Read by Marc Forde
The neighbours were glaring again. I’d almost forgotten what the old antipathy had been like, and had got quite used to ignoring, and being ignored by, them. But here it was – like an insecure partner they operated along the lines of “if-you-really-cared-you’d-know-what-was-wrong”. Once experienced, never forgotten. How long would it be before they approached me, before anyone realised I might need some details to work with?
I never found out. It soon became obvious they were convinced Genghis was back. The couple to my right, the ones with small but disproportionately irritating children, had started investigating the sandpit again, and making pantomimic expressions of disgust towards my windows when they found something in it. The elderly couple on my other side seemed to have dug an elaborate moat system around the bottom of their bird table and filled it with water. And finally, the obsessive across the road who spent every spare hour polishing and tinkering with his BMW X6 started huffing and puffing every morning as he wiped the hubcaps down with a J-cloth and some hi-tech specialist cleaning fluid.

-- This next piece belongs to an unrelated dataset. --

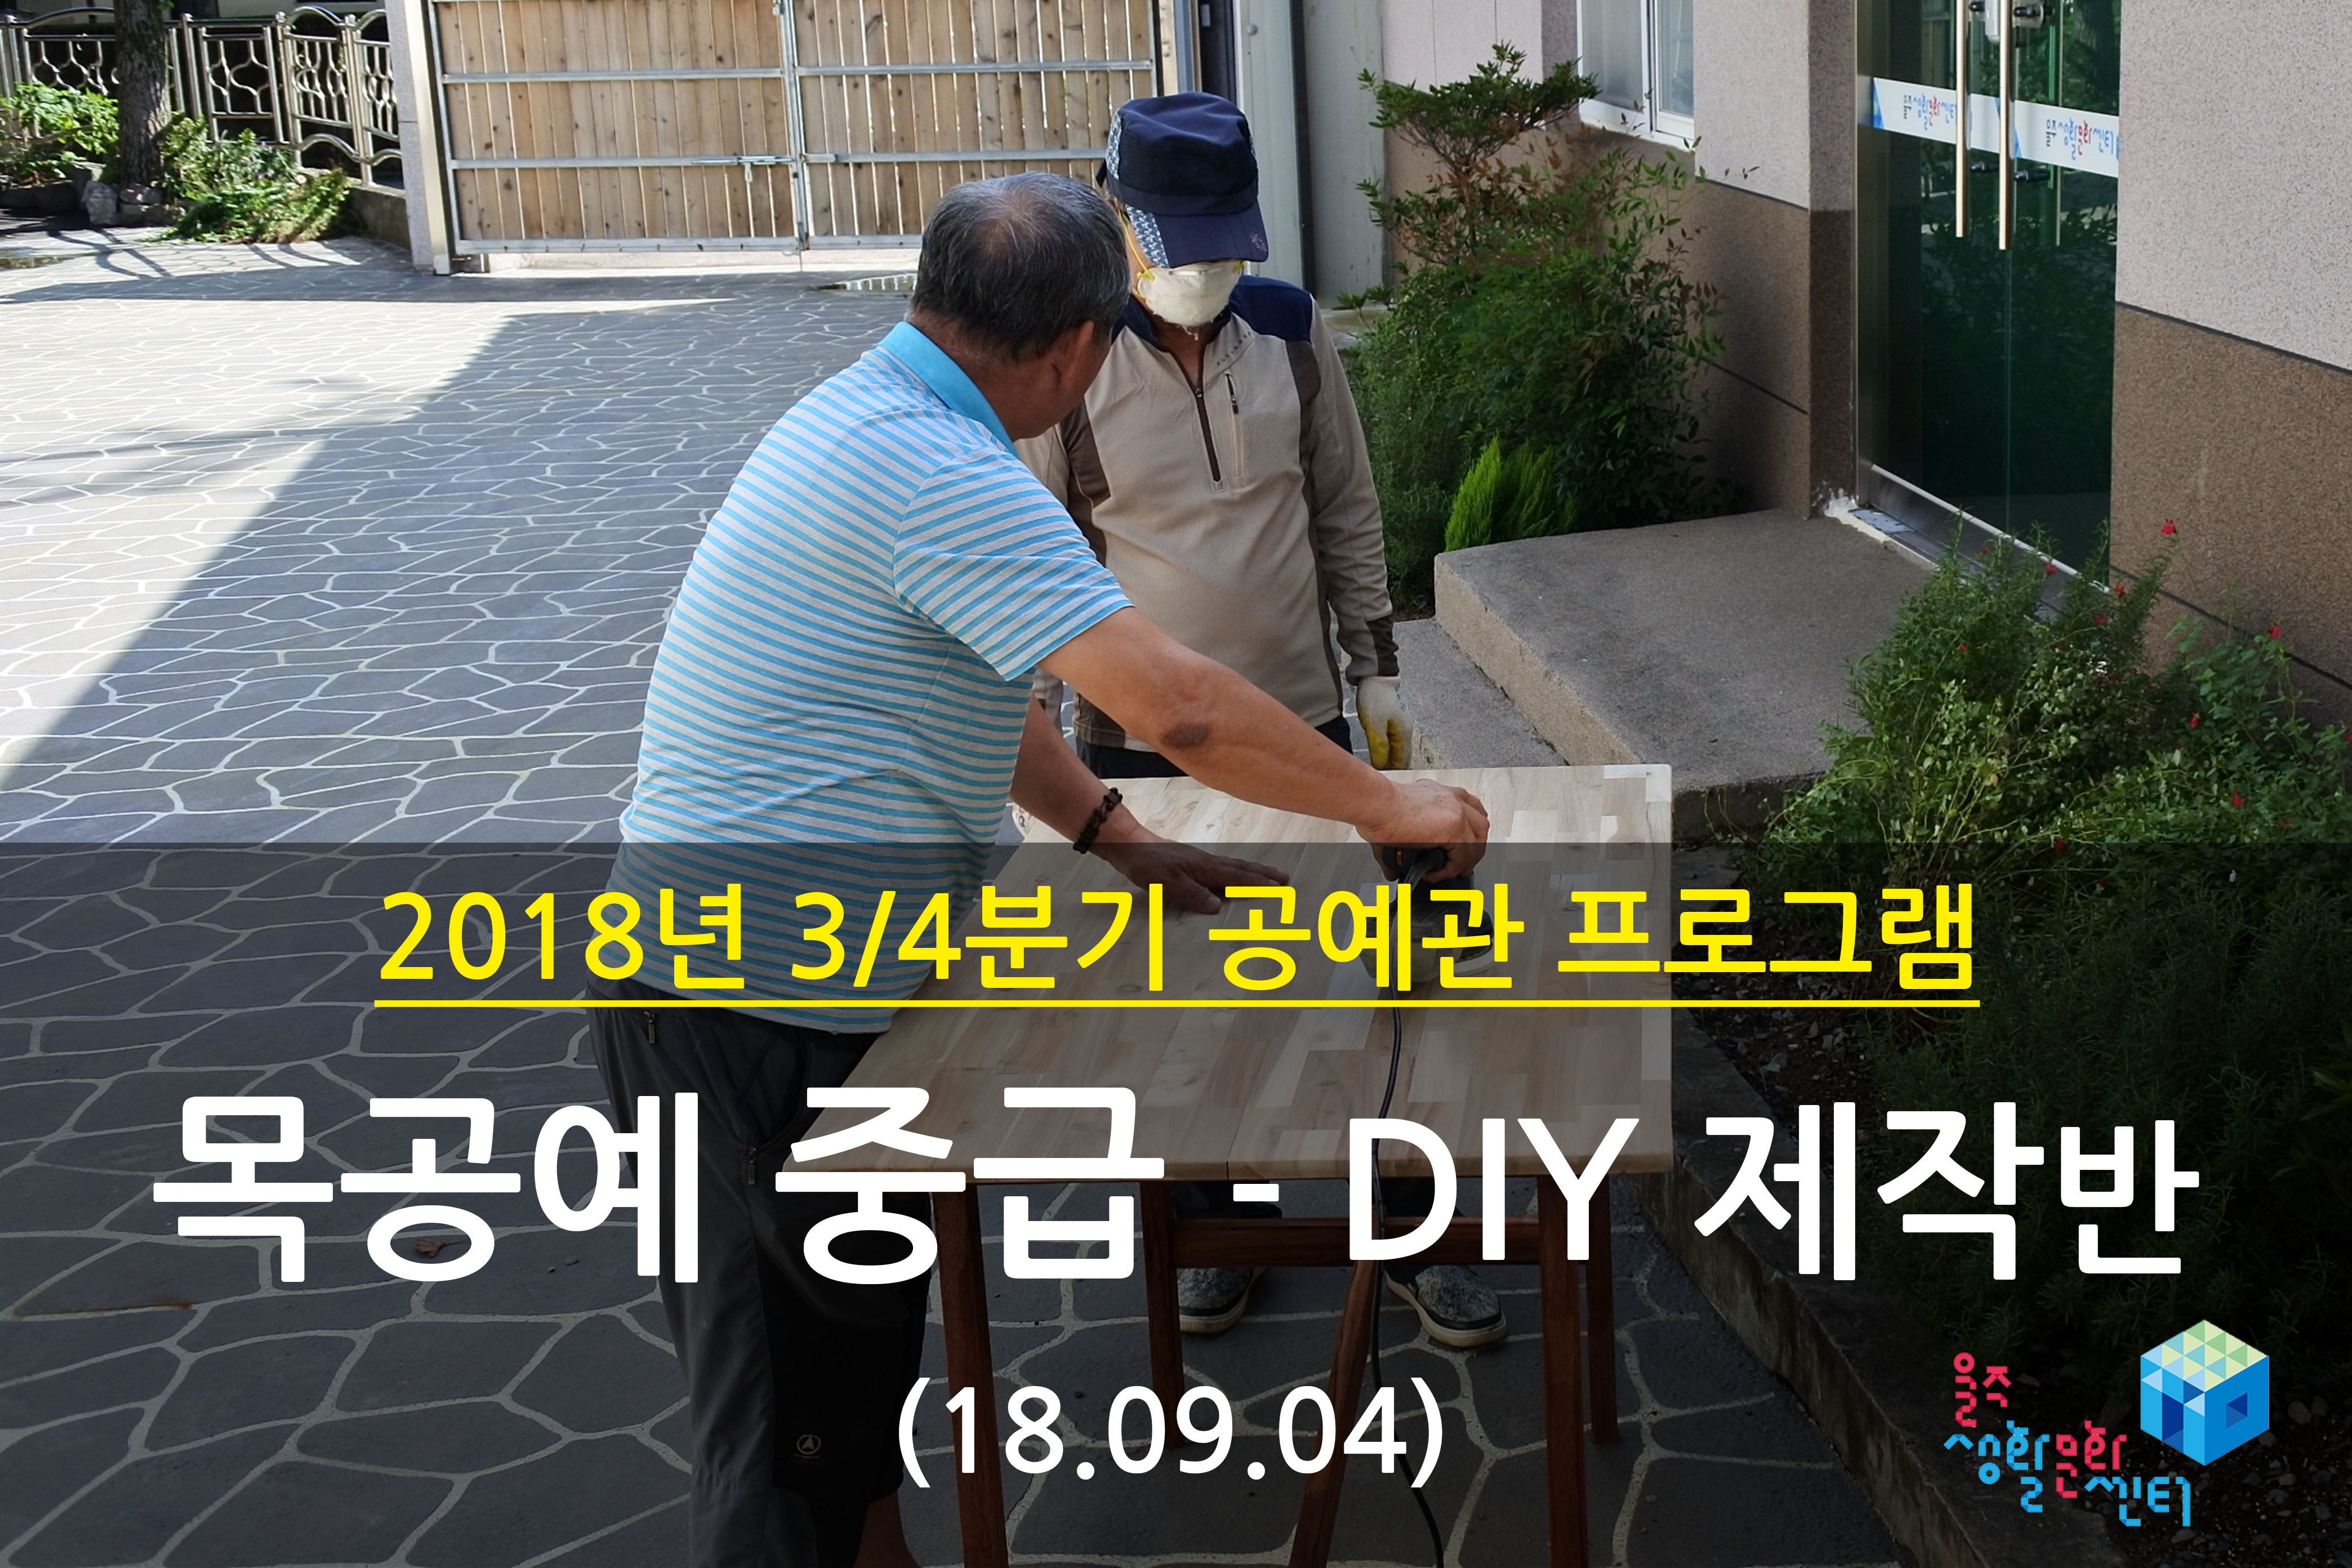 2018.09.04 _ 목공예 중급 - DIY 제작반 _ 3/4분기 10주차 수업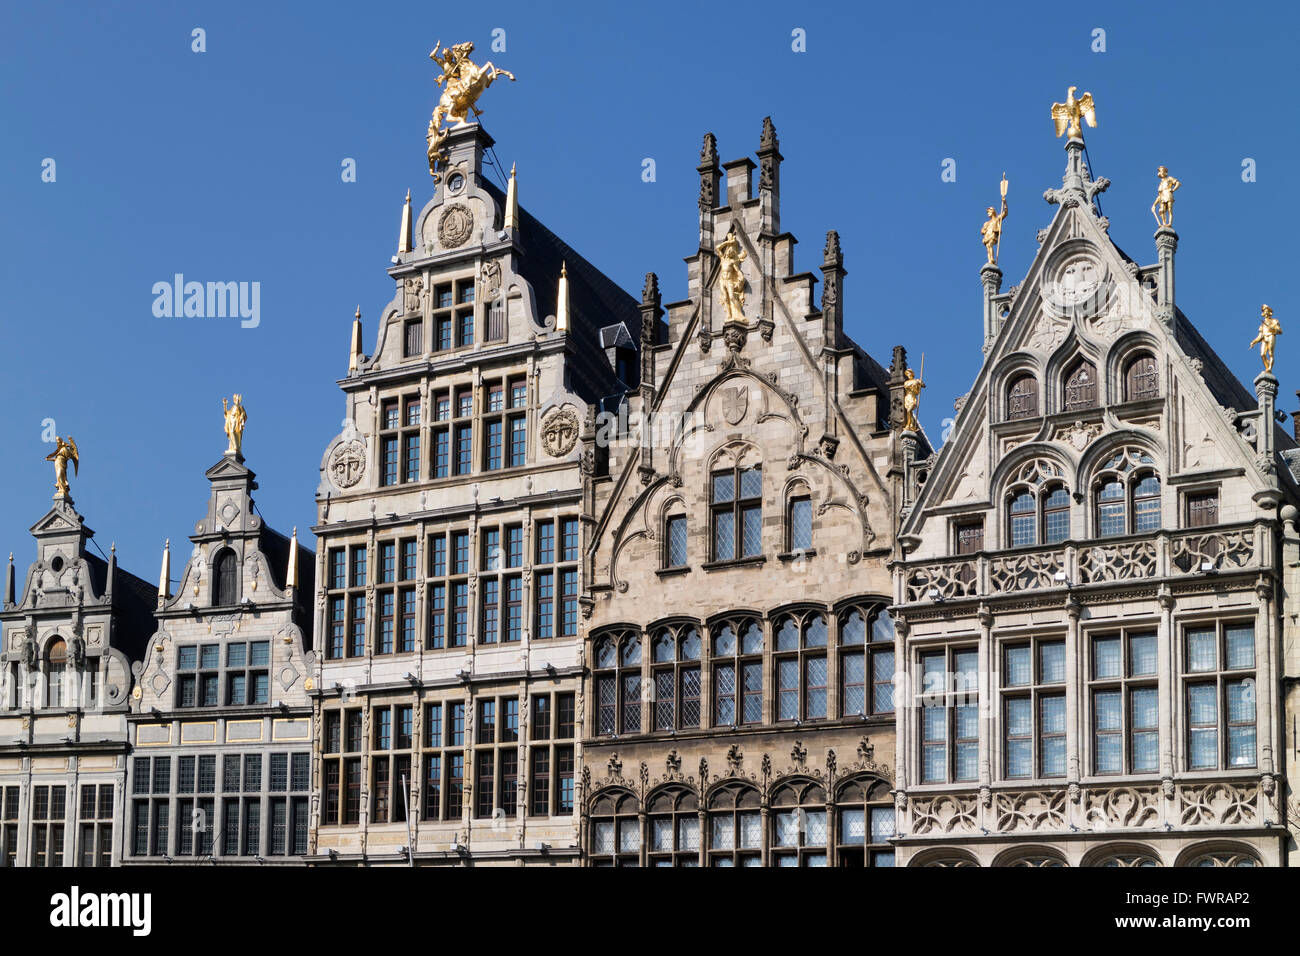 Rangée de façades de maisons de guilde flamande sur la Grand-Place d'Anvers, Belgique Banque D'Images

Yes, two years ago Genghis had instigated a mild reign of terror in the neighbourhood. He had been known to use the sandpit as a toilet, and when the birds had fed and watered themselves they then fed him. Mr Turbo across the road was likewise unhappy to find his wheels territorially sprayed. I appreciated their anger, but as I would say if they ever spoke to me, he was a cat, and these things are what cats do.
But as I say, that was two years ago. Louise had taken Genghis when she went to live with Michael, and things here in the Close had mellowed. I wasn’t naïve enough to think anyone cared that my wife had left me for my best friend, or that I might be less than delighted with this: they were pleased the cat had gone. Anyway, they seemed to comprehend that things had changed.
Last Sunday was a beautiful day, and I noticed all parties were out and about in their respective front gardens. I was slightly drunk and feeling brave. So, having a ready-convened meeting at my disposal, I took advantage of the situation to remind them of my broken marriage and the subsequent removal of the cat. I then pointed out that cats as a species don't differ greatly in their habits, and foolishly asked them to prove mine, specifically, had come back. I delivered this speech to a prolonged silence and went back inside, imagining their expressions slowly changing from blank to mildly indignant.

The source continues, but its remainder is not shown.